October 18, 2011

Heat Surge

Today is going to be a MUCH warmer day than yesterday and far warmer than the National Weather Service is forecasting.   The NWS is going for 66 at Seattle---mid 60s are their forecast for the Puget Sound region and they are going 67-69 on the eastside.   Folks...I am convinced we are going to see 70s today at many locations away from cool water and mid-70s at some spots on the eastside.

Compare the temperatures aloft of today versus previous days from the Seattle profiler at 6 AM. HUGE warming above 400 meters--we are talking 10C (18F)--warmer at 600 meters.  Yesterday hit 61F at Sea-Tac:  you do the math (no, it probably won't get as high as 79F--but it will surge)

There is a thin veneer of cool air near the surface, chilled by infrared cooling to space under nearly clear skies. Above that cool air there is a strong inversion in which temperature warms with height.

Easterly flow aloft has really started cranking up as shown by the profiler winds and temperatures shown in this figure (y axis is height in meters, x axis is time in GMT--later to the left):
 20 knot easterly winds above 400 meters!

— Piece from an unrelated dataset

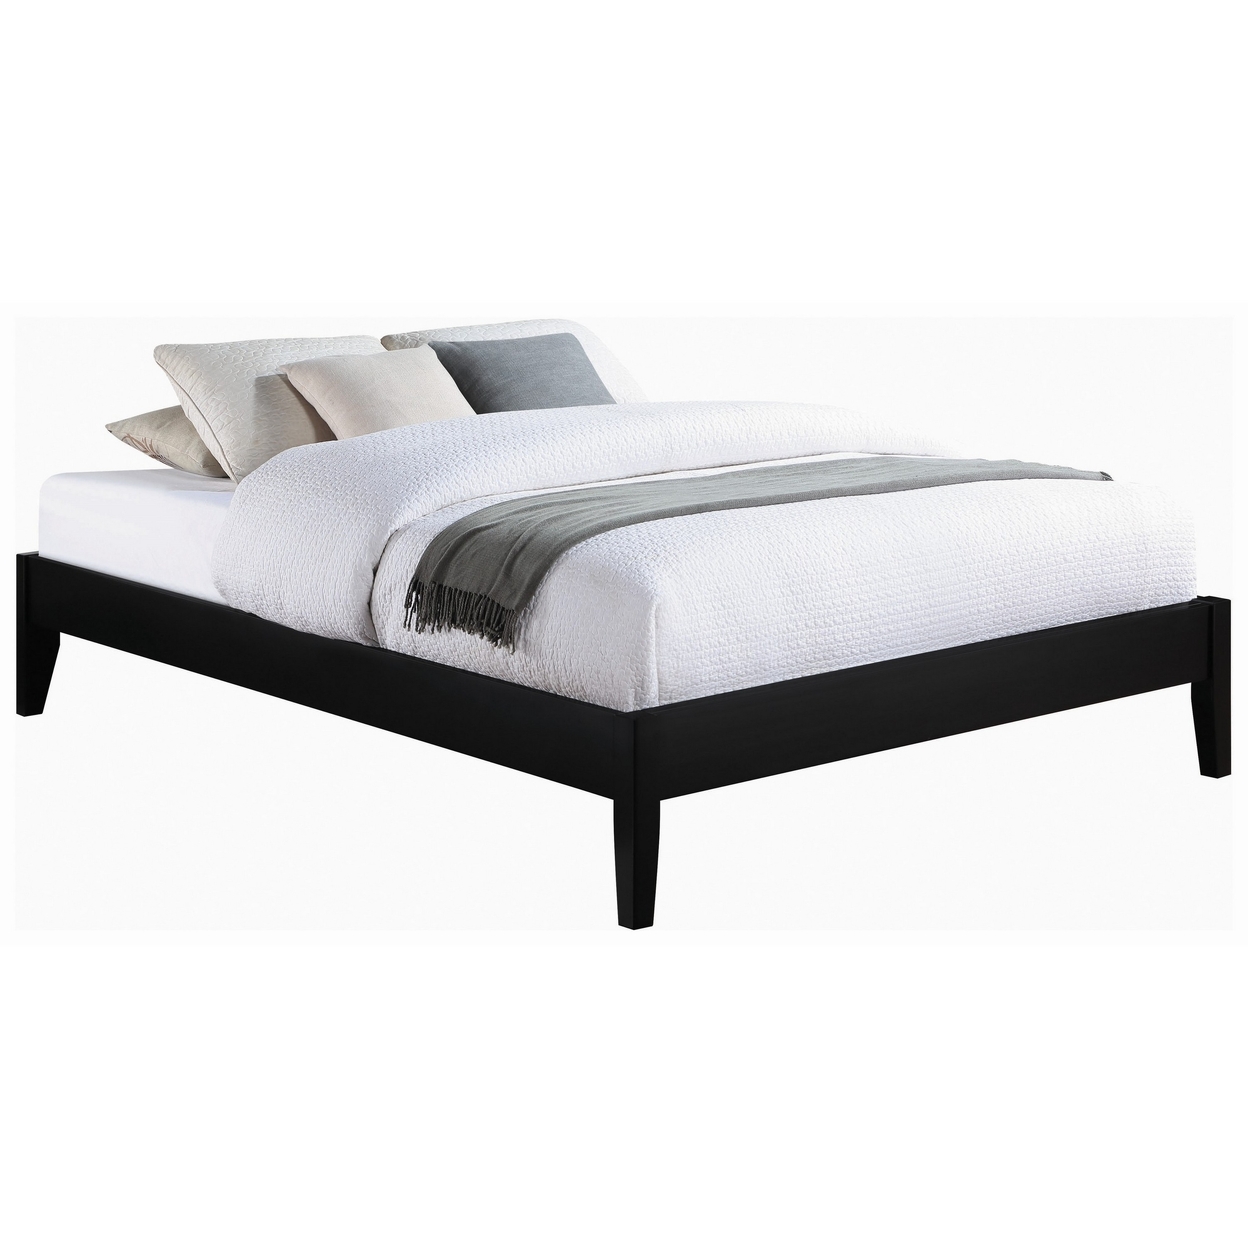 Cavi Modern Low Profile Platform Queen Size Bed, Panel Sides, Slats, Black- Saltoro Sherpi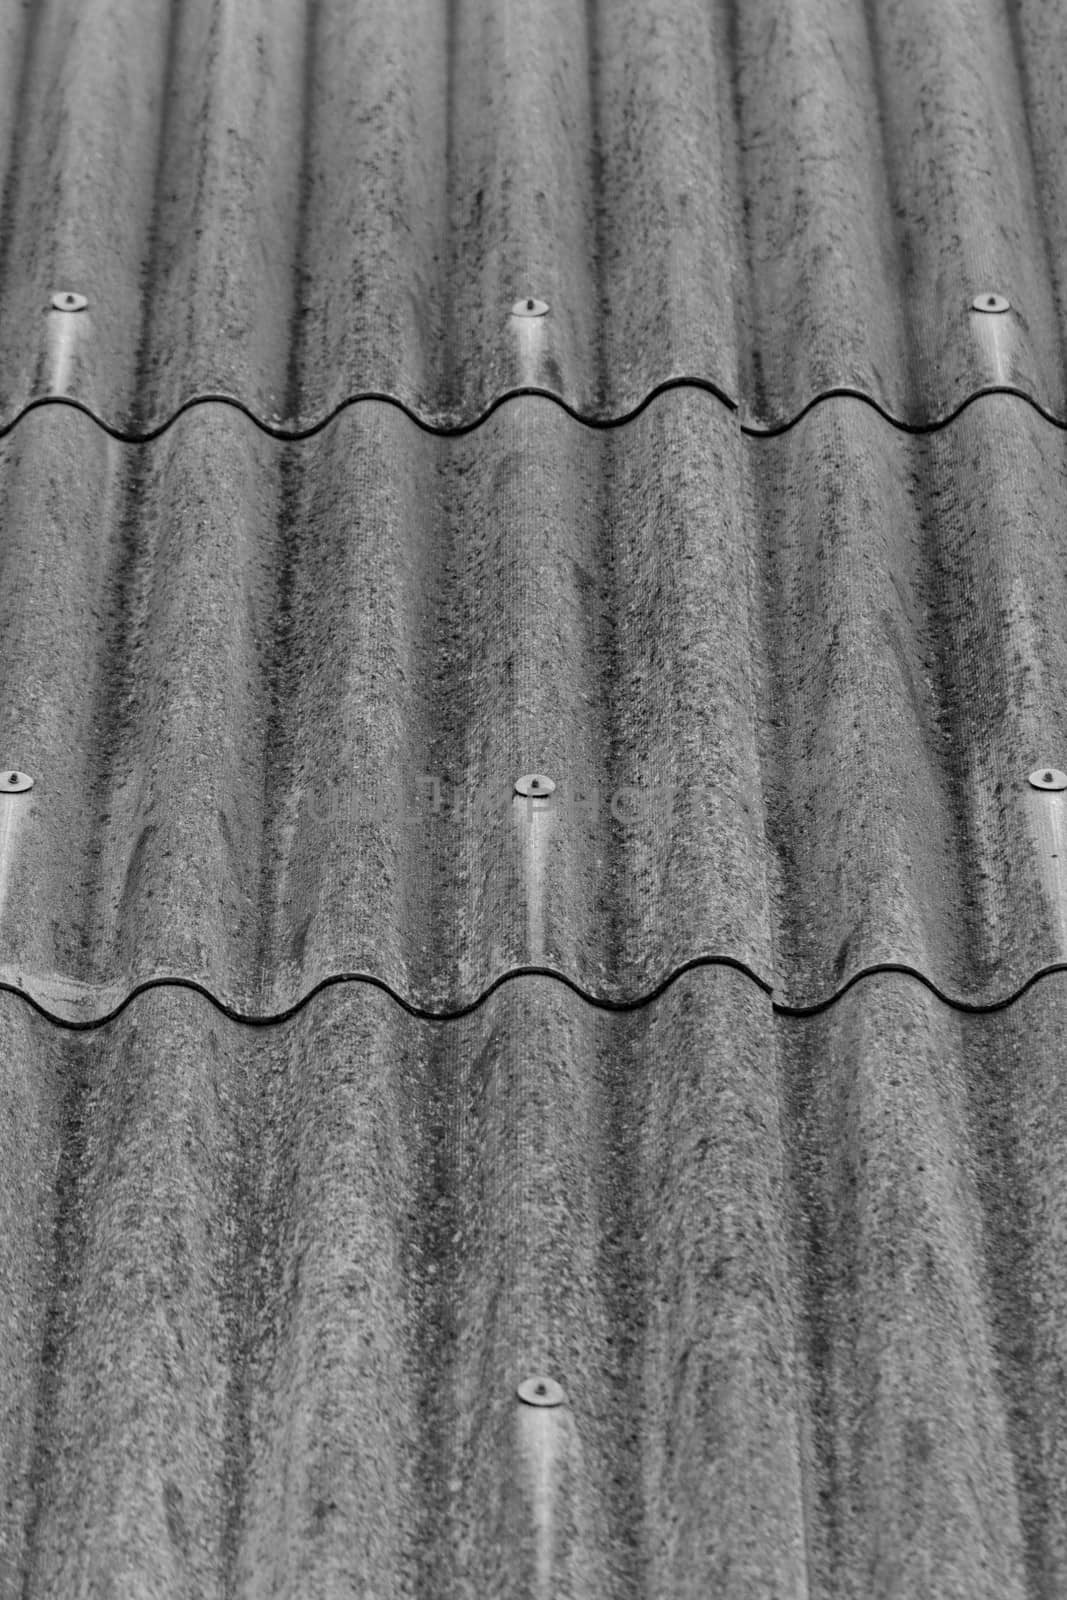 gray corrugated slate roof by NagyDodo

Here is the pattern of surface (2-meter) temperatures from our super-high resolution numerical weather prediction model for 2 PM today, clearly showing some 70s near Seattle and lots of 70s to the southwest:
But most important, there is probcast....our ensemble-based statistical forecasting tool that is very good in warm-up situations--it is showing mid 70s on the eastside and torrid conditions in the Willamette Valley.

 The only subtleties to this forecast is how high the air will mix vertically under the modest sun of this time of the year and how well the easterlies will mix downward.  In the summer, when the sun is strong, this would be an easy forecast.

Well, it is going to be fun (and very pleasant) to watch the day evolve....I am betting that many of you will experience 70s today.  If all of you stay in the mid-60s, it will be back to the drawing board for me.


  1. Ah, the drawing board. The way things were for my one course: MIT 1957 Elementary Meteorology, Prof Harold Wurtele.

    Being in that course led to a post midnight trip with Prof W to the weather radar control room atop building 20 to look for Sputnik. The class had calculated that the radar couldn't see Sputnik, but the margin was small enough that it seemed worth the try. (The calculation, sadly, was right.)

  2. Cliff, techno-geeks like me are left wondering "Where does that profiler data we are seeing come from?" Is there some way to provide a small link hidden away somewhere to point us curious ones to a place to dig further? NOAA puts up an excellent profiler detail page that answered my questions:
    Thanks, faithful reader Bob

  3. Based on the 1 p.m. readings, it looks like no "heat surge" is in the offing today. I suppose Seatac could hit 70, but I don't see widespread 70s happening.

  4. Well, it's official! We finally broke 70 here in Portland. We were posed to see our first non 70 degrees October since 1949, but we finally cracked 70, might hit 74 today!!!


  5. 61F here in Kingston. Fine for October. But Portland, where I would like to move back to someday, is 70F.

  6. Dunno, Professor...

    3pm obs show Puget Sound stations in the mid 60s. Decent northerly wind on top of QA Hill.

    70s down south toward Portland, though.

  7. We didn't even hit 60 here in Victoria. Not complaining though - I'd take days like this anytime mid to late October.

  8. Yeah, I don't think we hit 70 in Kirkland this afternoon, though it was clearly warmer and sunnier than usual for this time of year.

  9. Well...it did reach 70F in a number of eastside locations, such as 73F in North Bend, 70F in Carnation, 72F at Mt. Si HS,73F in Kent,73 in Redmond, as well as 70F in Shelton.


  10. I had high hopes. My thermometer in the heart of Shoreline at 400 ft. elevation topped at 64. NWS was off by 1 degree. Alas, I saw some east side 70s (KING5) including a 76. Wonderful day though, and, sadly in office, I missed the whole thing.

  11. It reached 77 where I live in Newport on the Oregon coast yesterday. With almost no wind it was a perfect day with a beautiful sunset to end it. Oh, and the old record high was 63.